A Novel 14-Gene Panel Associated With Efferocytosis for Predicting Pancreatic Cancer Prognosis Through Bulk and Single-Cell Databases.

Background: Efferocytosis (ER) plays a crucial role in the programmed clearance of dead cells, a process that is mediated by phagocytic immune cells. However, further exploration is needed to determine the full extent of its impact on the progression of pancreatic ductal adenocarcinoma (PDAC), particularly through interactions among tumor cells, stromal cells, and immune cells within the tumor microenvironment (TME).

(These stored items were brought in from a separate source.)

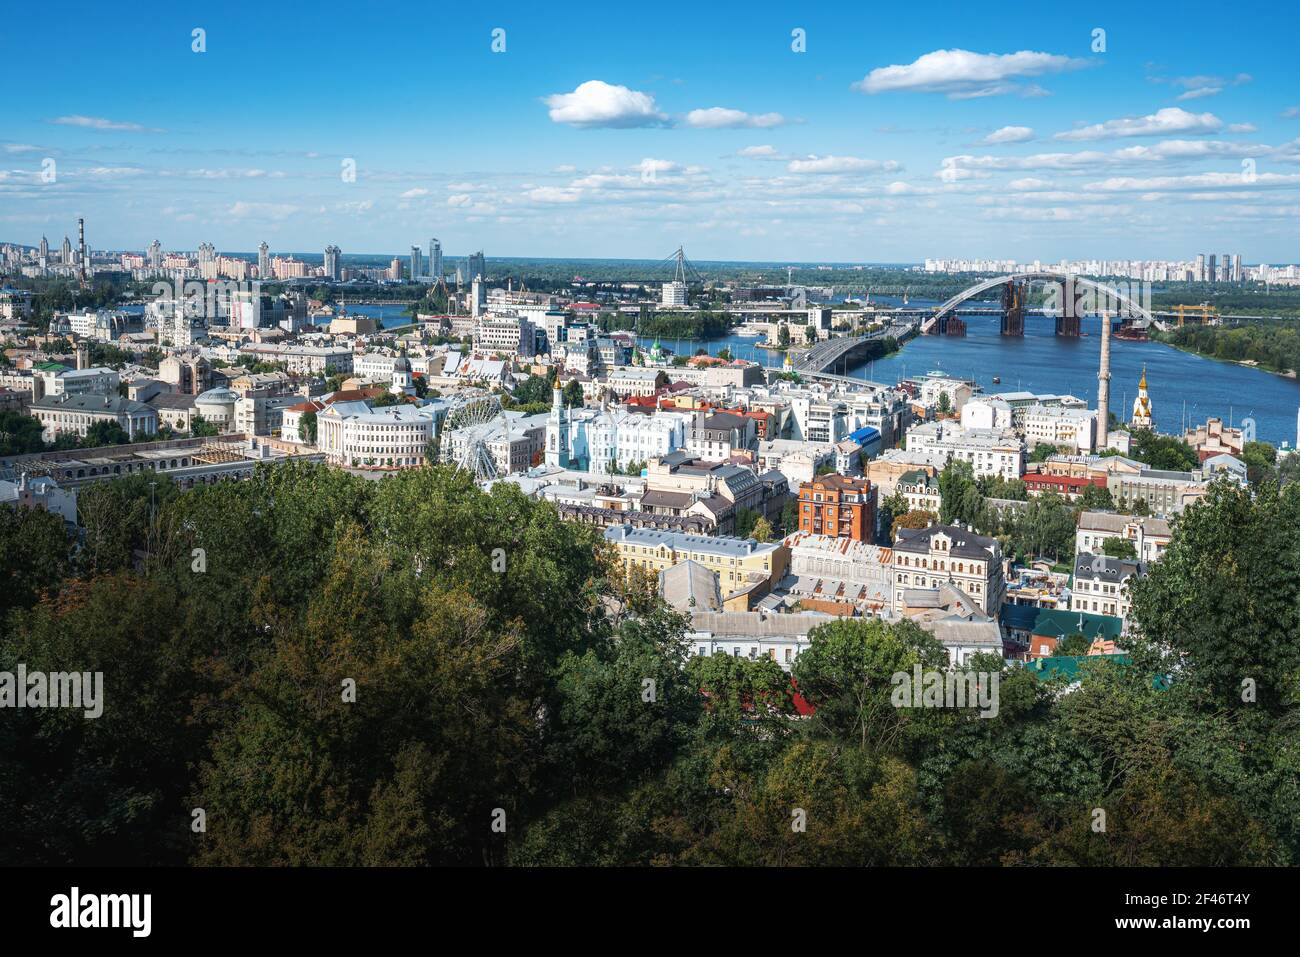 Vue aérienne de Kiev avec le fleuve Dniepr et le pont Podolsky - Kiev, Ukraine Banque D'Images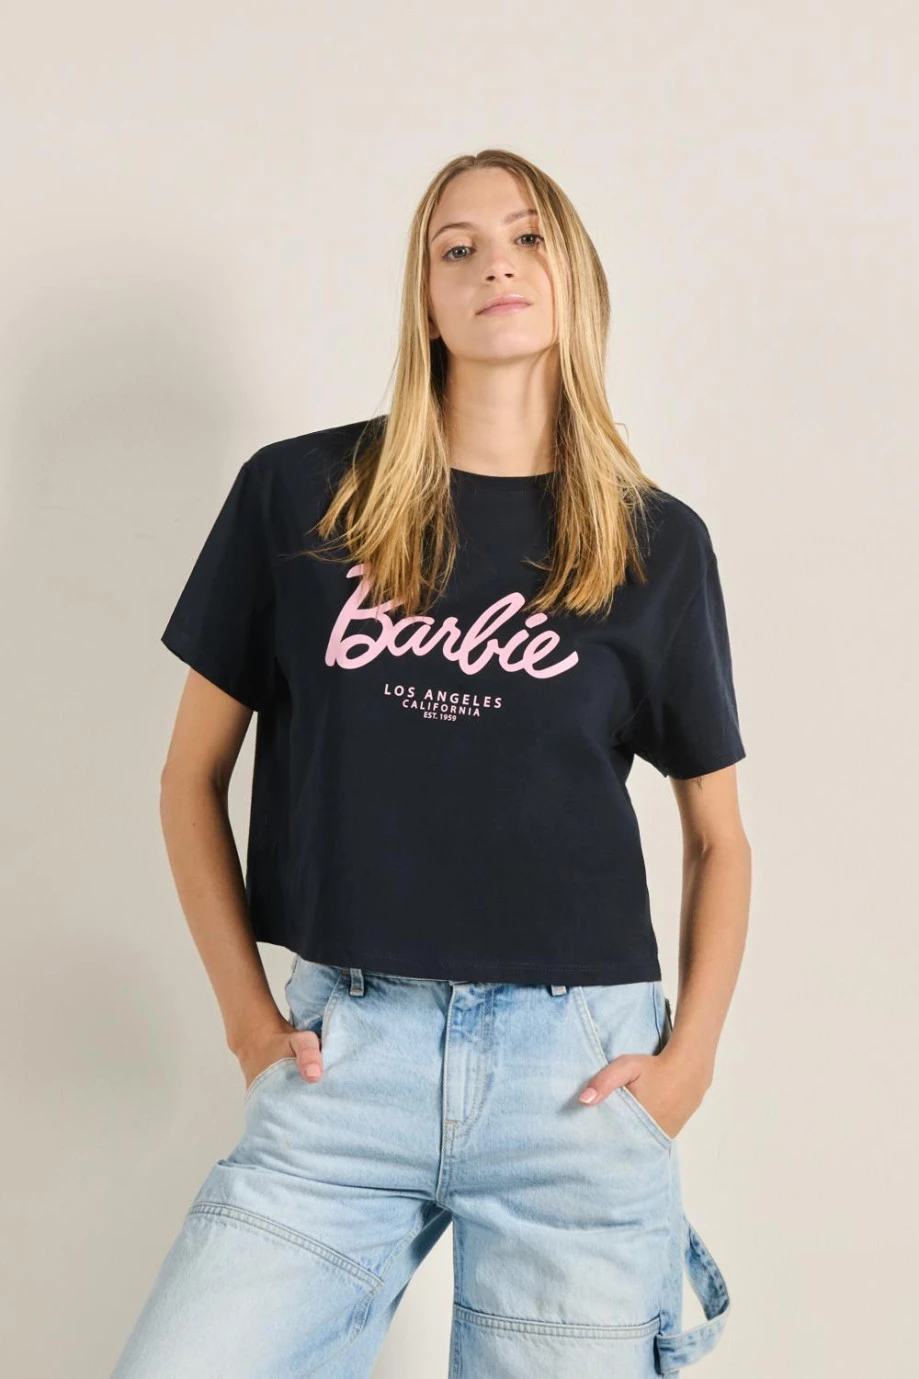 Camiseta unicolor crop top con arte de Barbie y manga corta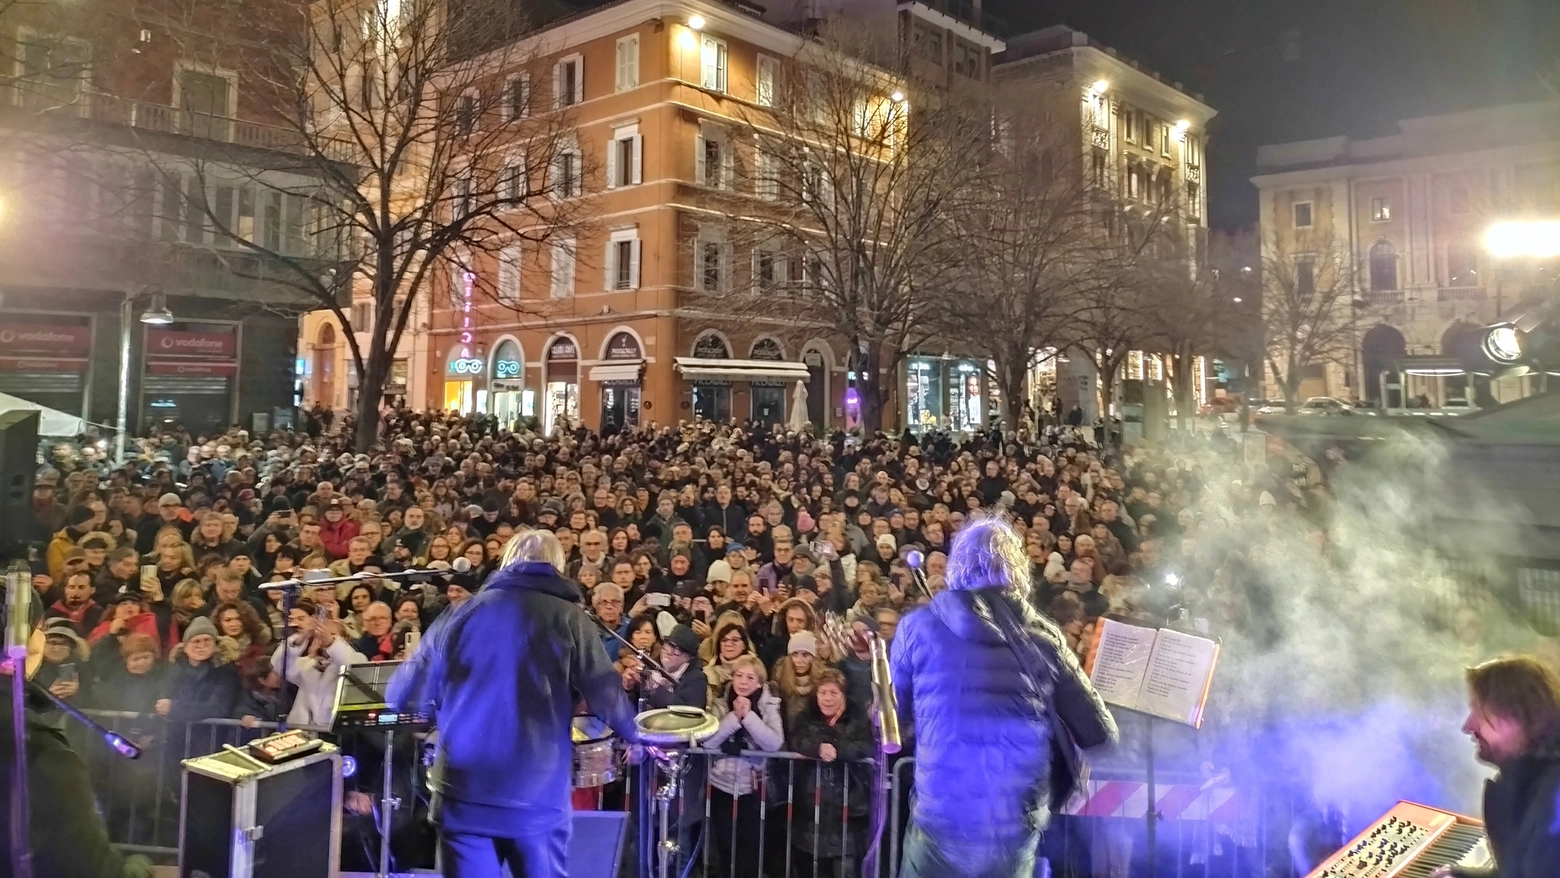 In migliaia in centro per il tributo a Pino Daniele con Tony Esposito e la Macapea

Methodology and results: In this study, we comprehensively analyzed the Cancer Genome Atlas (TCGA) and Gene Expression Omnibus (GEO) database, as well as additional databases from multiple bioinformatics websites, utilizing 167 ER features derived from the integration of single-cell RNA sequencing (scRNA-seq) and bulk transcriptomic data. A set of 14 ER-associated prognostic signatures, referred to as the "14-gene panel" genes, was identified based on overall survival (OS)/disease-free survival (DFS) data, Pearson correlation coefficients, and multivariate Cox regression analyses. The model pathways enriched by the four-gene combination represented by "LEAF" and the 14-gene combination represented by the "14-gene panel" presented a high degree of similarity, including among the adhesion, mitotic, G2/M checkpoint, and epithelial‒mesenchymal transition (EMT) signaling pathways. Least absolute shrinkage and selection operator (LASSO) regression was subsequently employed to construct an ER risk scoring system using deep learning, based on the following formula: LGALS3, EMP1, ASPH, and FNDC3B, collectively termed the "LEAF" panel. Additionally, random survival forest (RSF) algorithms facilitated the identification of a key panel of genes, designated "LEAP" genes, including LGALS3, EREG, ASPH, and PLS3; three of which genes (ASPH, LGALS3, and EREG) were identified as key factors influencing the behaviors of PDAC tumors, tumor-associated stroma, and macrophages. Finally, we utilized experimental methods, including Boyden chamber analyses, immunohistochemical staining, and cell cycle analyses, to demonstrate that interference with ASPH suppresses the malignant properties of tumors, including proliferation and migration. Multiplex immunofluorescence staining was employed to identify EREG as highly relevant to the M2 macrophage subpopulation.

Conclusion: Our findings underscore the importance of considering a novel prognostic signature comprising 14 ER genes in the context of the TME when investigating the biology of PDAC. Future studies may explore how modulating these interactions could lead to novel therapeutic opportunities.